L'Association des maires des grandes villes de France (AMGVF) a ainsi souligné l'importance d'une politique de l'emploi « basée sur l'anticipation des mutations économiques et sur la prospective des métiers émergents. » M. Rémi Pauvros, membre du conseil d'administration de l'Assemblée des communautés de France (AdCF), a pour sa part précisé que « la gestion territoriale de l'emploi et des compétences (GTEC), en lien avec les politiques d'appui aux filières, est un champ nouveau de l'action économique, principalement développé par les agglomérations (bien que de nombreuses communautés de communes s'y engagent également). Cette fonction de mise en réseau est fondamentale pour impulser des projets et coproduire des stratégies de gestion territoriales des ressources humaines (avec les organismes paritaires collecteurs agréés, les branches professionnelles, le « monde économique organisé »). Ces stratégies permettent de dépasser l'approche « curative » des politiques de l'emploi pour se saisir des enjeux globaux de qualifications locales du territoire dans une approche prévisionnelle. »
De fait, les projets de développement économique portés par les collectivités produisent intrinsèquement des effets sur l'emploi. Les collectivités peuvent néanmoins considérablement en renforcer l'impact, en prévoyant une articulation entre ces projets et les actions conduites dans le domaine de l'emploi, quels qu'en soient les acteurs.
Cette articulation passe tout d'abord par une communication des élus porteurs de projets de développement économique à destination des acteurs des politiques de l'emploi, afin qu'une anticipation des besoins soit effectivement possible.
En outre, les schémas régionaux de développement économique (SRDE) peuvent trouver des applications spécifiquement tournées vers l'emploi. Les aides aux entreprises peuvent ainsi être régies par un principe de conditionnalité et le respect de clauses favorables à l'emploi. Dans la région Nord-Pas-de-Calais, le SRDE a par ailleurs été décliné en vingt-deux plans locaux de développement économique (PLDE), qui prévoient un suivi des filières, une aide à la création d'entreprise, des dispositifs favorisant la mobilité des demandeurs d'emploi...
Un autre exemple de décloisonnement, fourni par l'AdCF, est celui de la communauté d'agglomération de Rennes Métropole, qui a bâti un projet de gestion territoriale des emplois et des compétences à partir de son plan local d'habitat. Il s'est traduit par un travail sur la valorisation de l'image des métiers du bâtiment, la détection des candidats potentiels et l'élaboration d'un plan de formation spécifique.

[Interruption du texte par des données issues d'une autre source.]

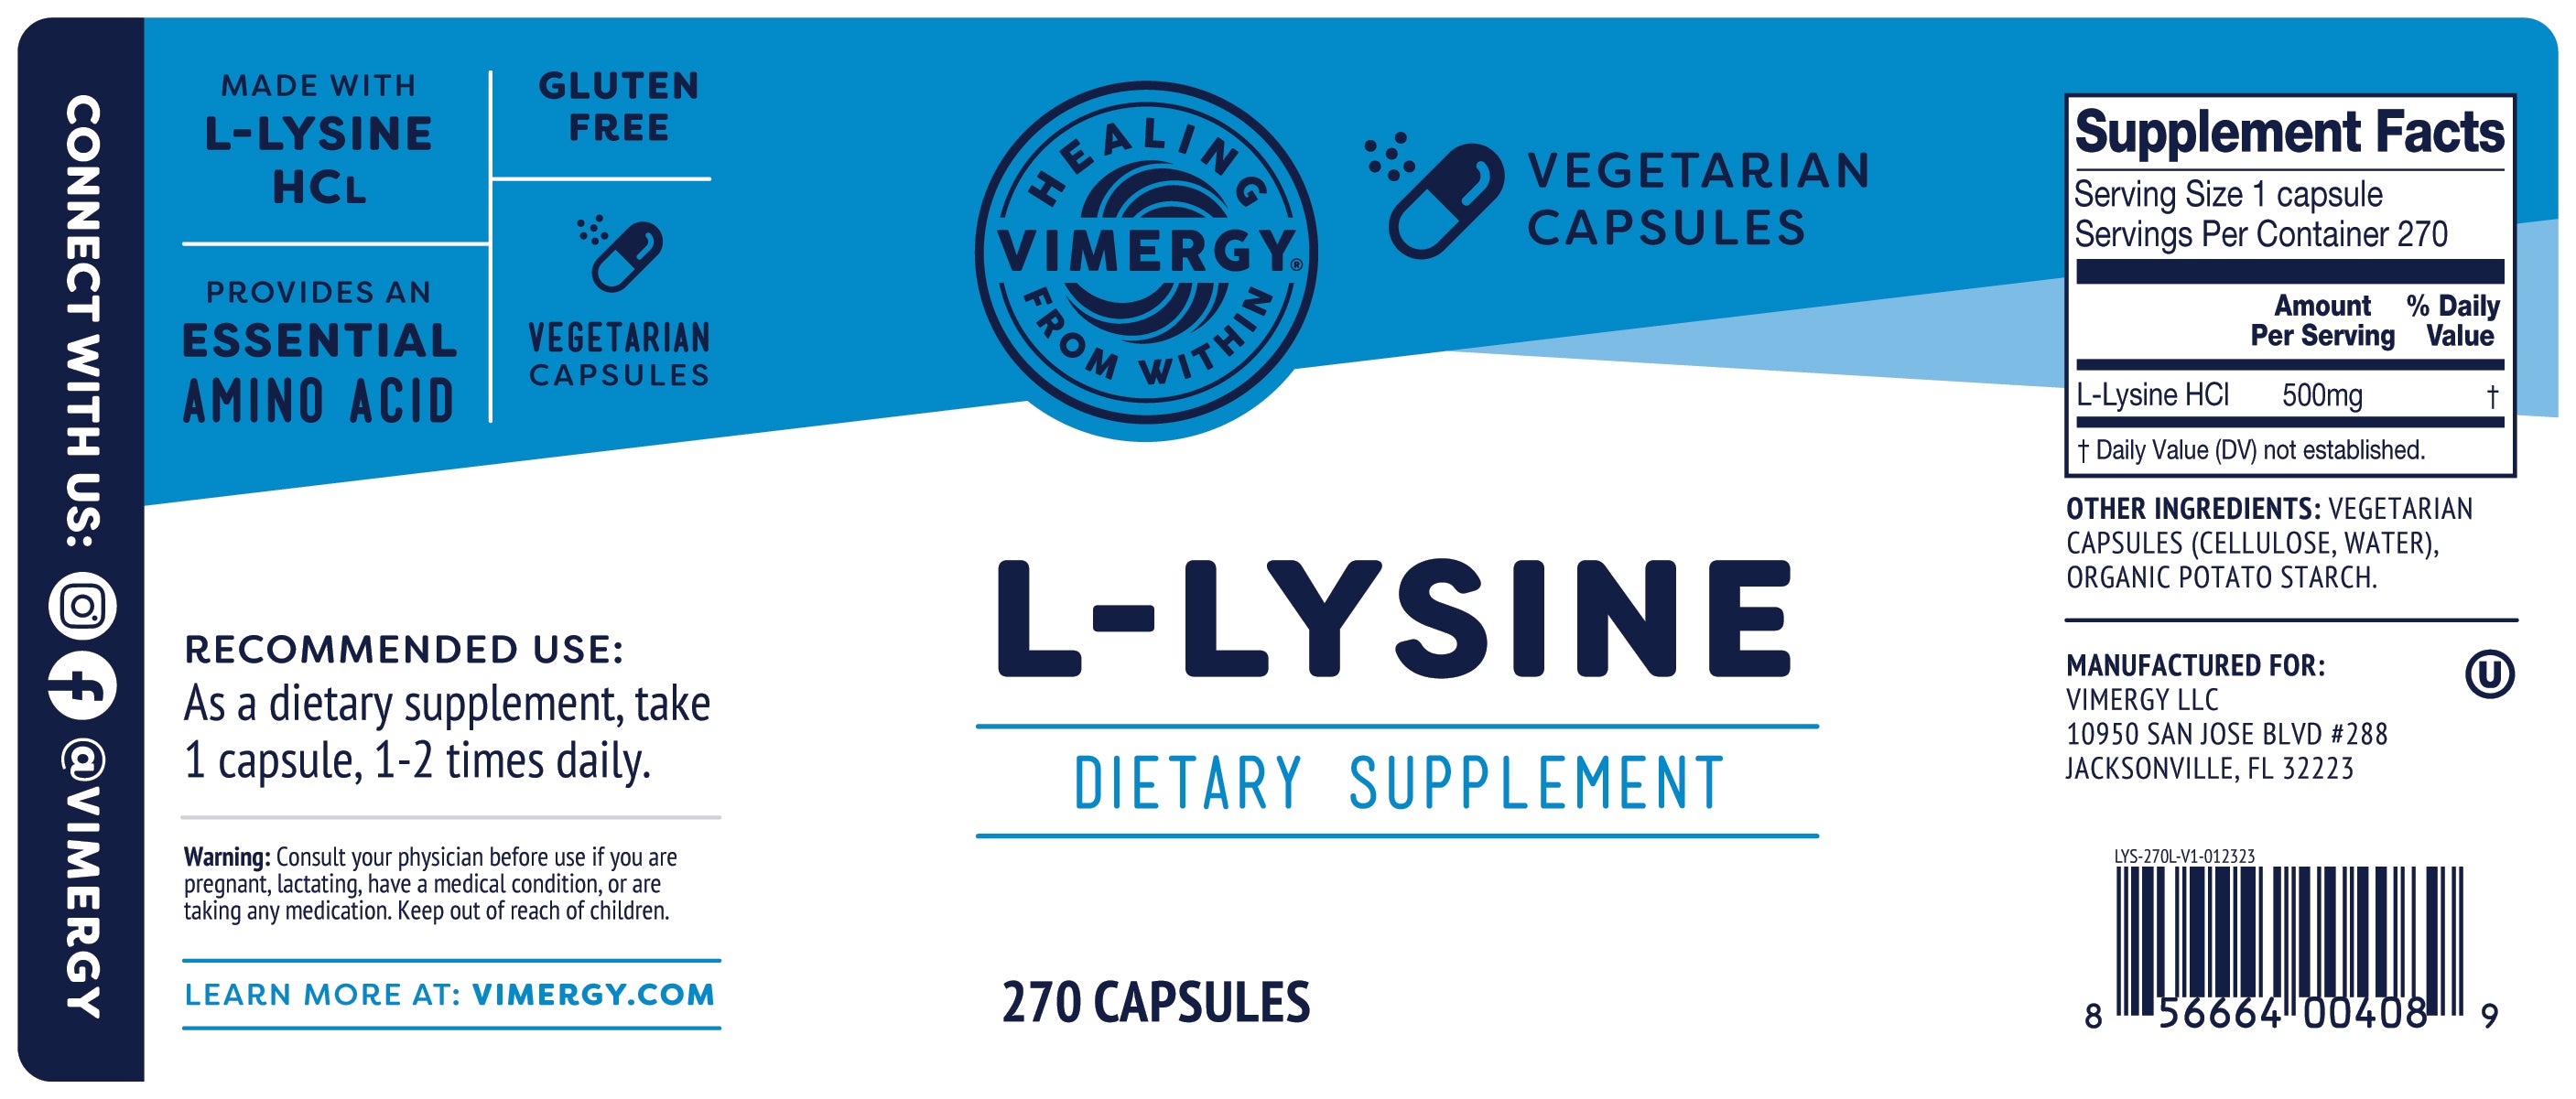 Vimergy L-Lysine 270 Capsules

Par ailleurs, le rôle des départements en matière d'action sociale les place au coeur d'une approche intégrée des politiques de l'emploi, liant l'insertion sociale et professionnelle. Compte tenu de l'ampleur des financements qu'ils assument au titre du revenu de solidarité active (RSA), ils ont en outre un intérêt direct à un retour à l'emploi rapide et durable de leurs bénéficiaires.
* 18 Jean Marimbert, rapport au ministre des Affaires sociales, du Travail et de la Solidarité sur le rapprochement des services de l'emploi, janvier 2004, pp. 99-100.

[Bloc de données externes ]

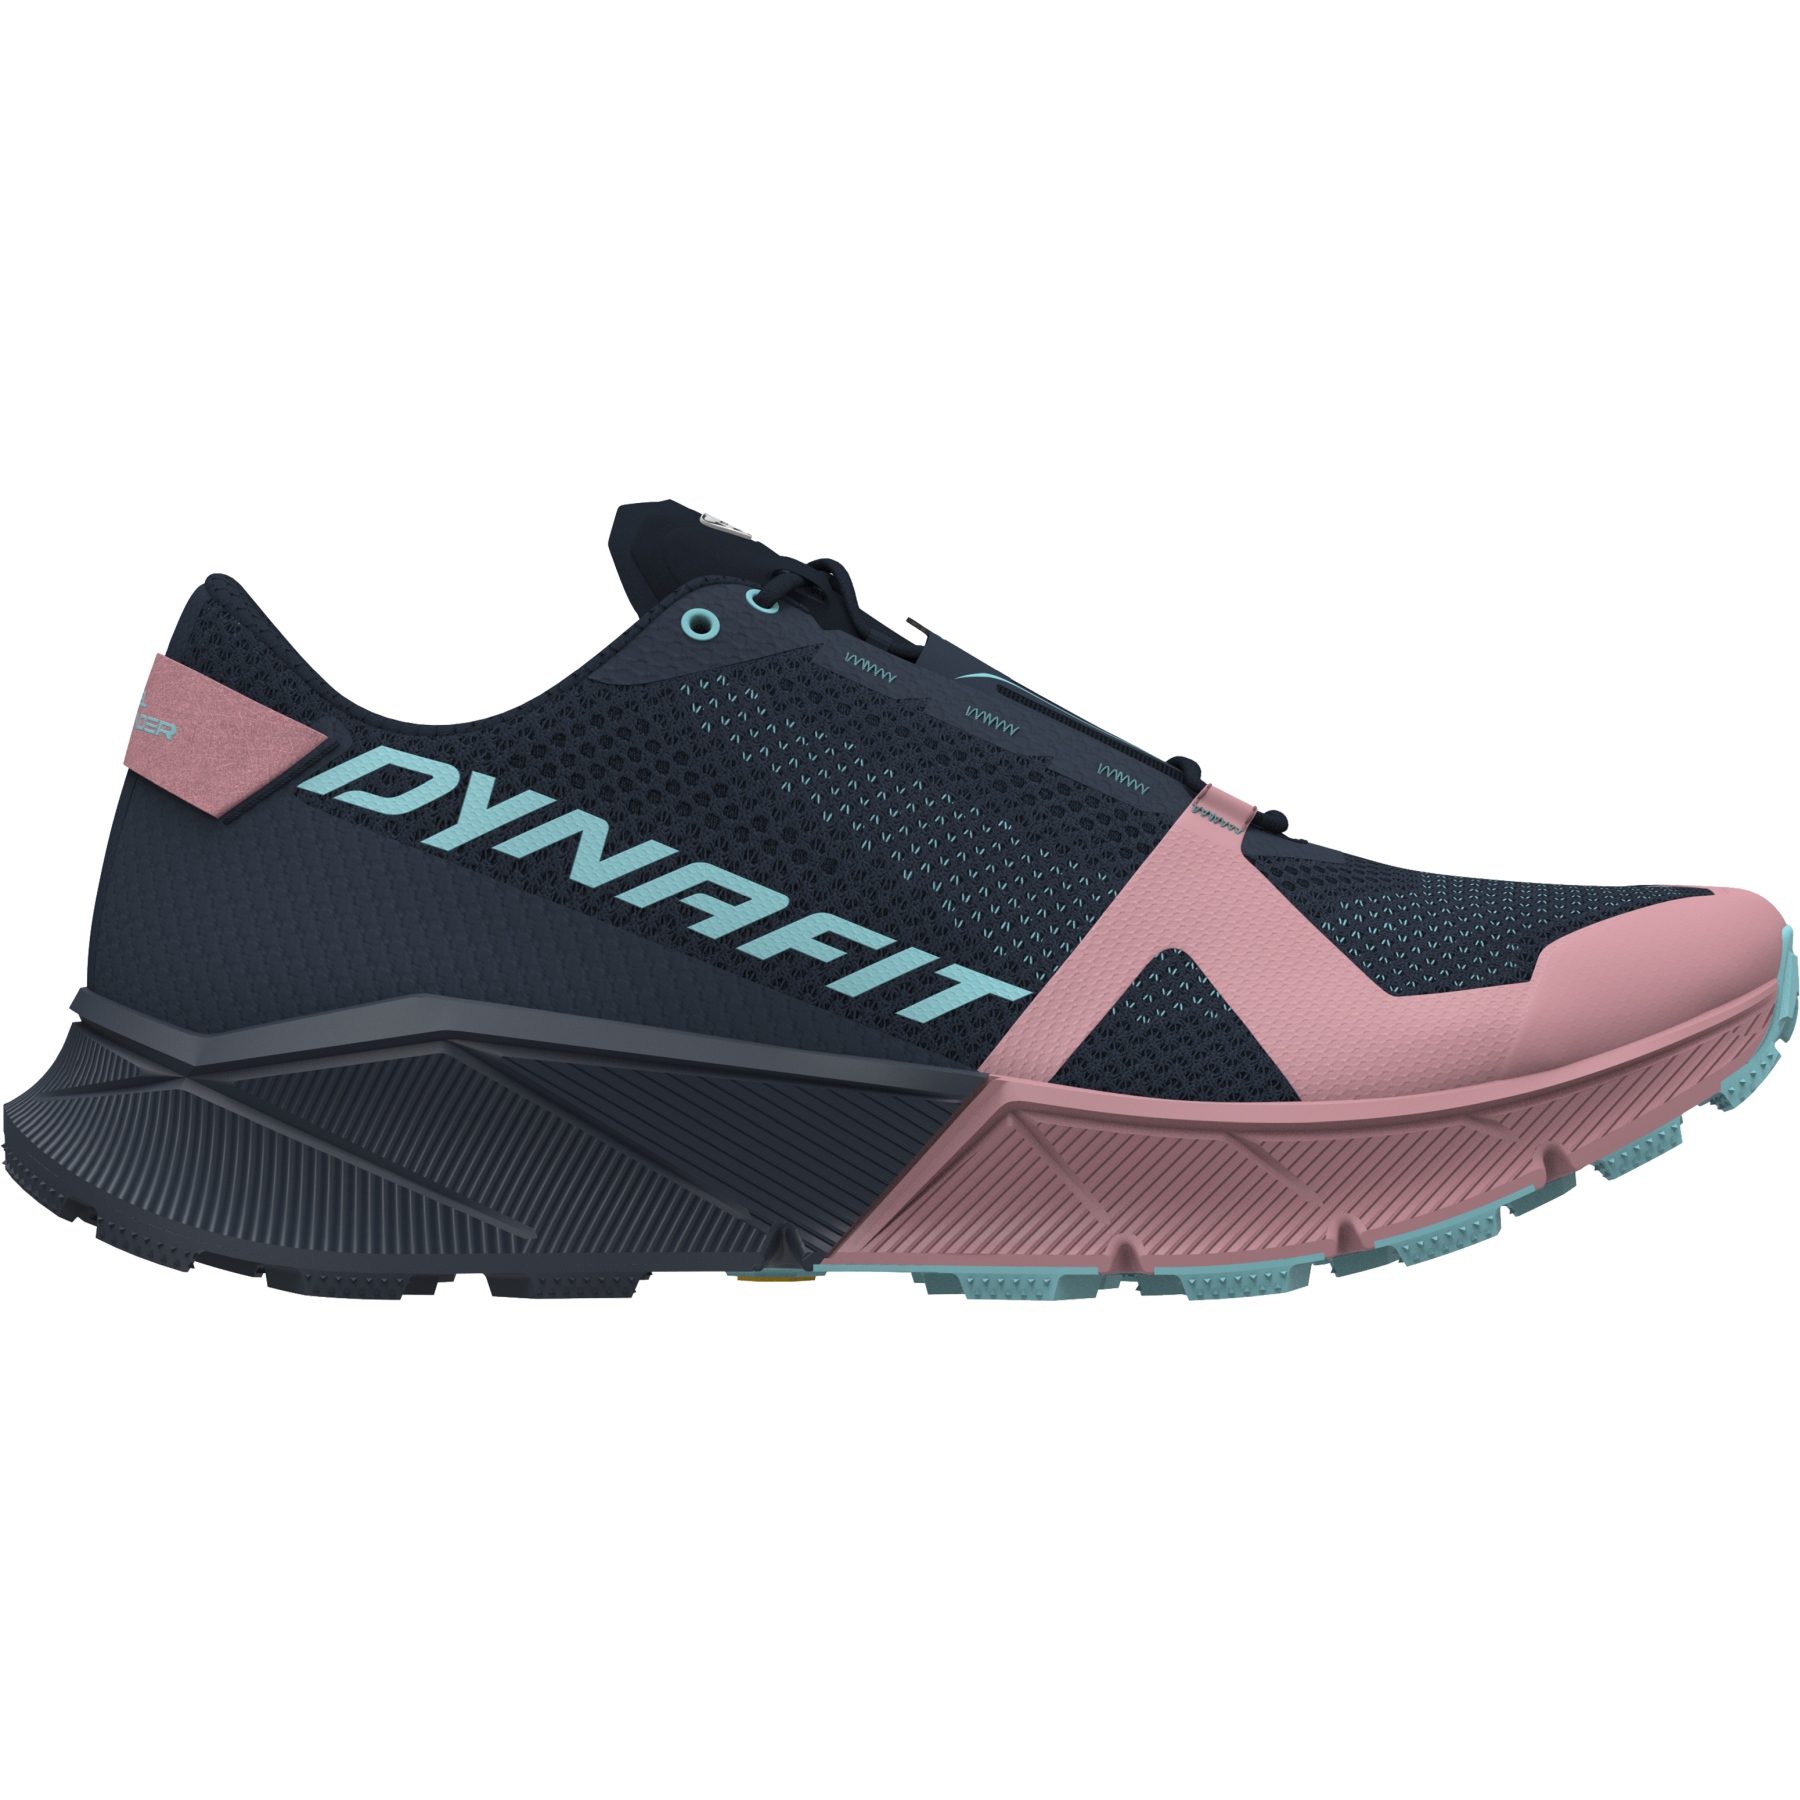 Productfoto van Dynafit Ultra 100 Trail Running Schoenen Dames - Mokarosa/Blueberry

* 19 « Pôle emploi : une réforme nécessaire, une dynamique de progrès à amplifier », rapport d'information n° 713 de M. Jean-Paul Alduy, fait au nom de la Mission commune d'information relative à Pôle emploi, tome I (Sénat, 2010-2011), p. 163.
* 20 Convention pluriannuelle signée entre l'Etat, l'Unedic et Pôle emploi le 11 janvier 2012, p. 3.
* 21 « Pour une dynamique territoriale de l'emploi, Stratégie de territorialisation de Pôle emploi : concourir à sécuriser les parcours et renforcer les liens avec les employeurs pour accroître durablement le nombre de placements »., rapport de la commission présidée par Mme Rose-Marie Van Lerberghe, avril 2010.
* 22 Dans le Nord-Pas-de-Calais, la direction régionale de Pôle emploi a toutefois initié une première enquête BMO au sein des entreprises flamandes, comme l'a exposé à votre rapporteure M. Karim Khetib, son directeur.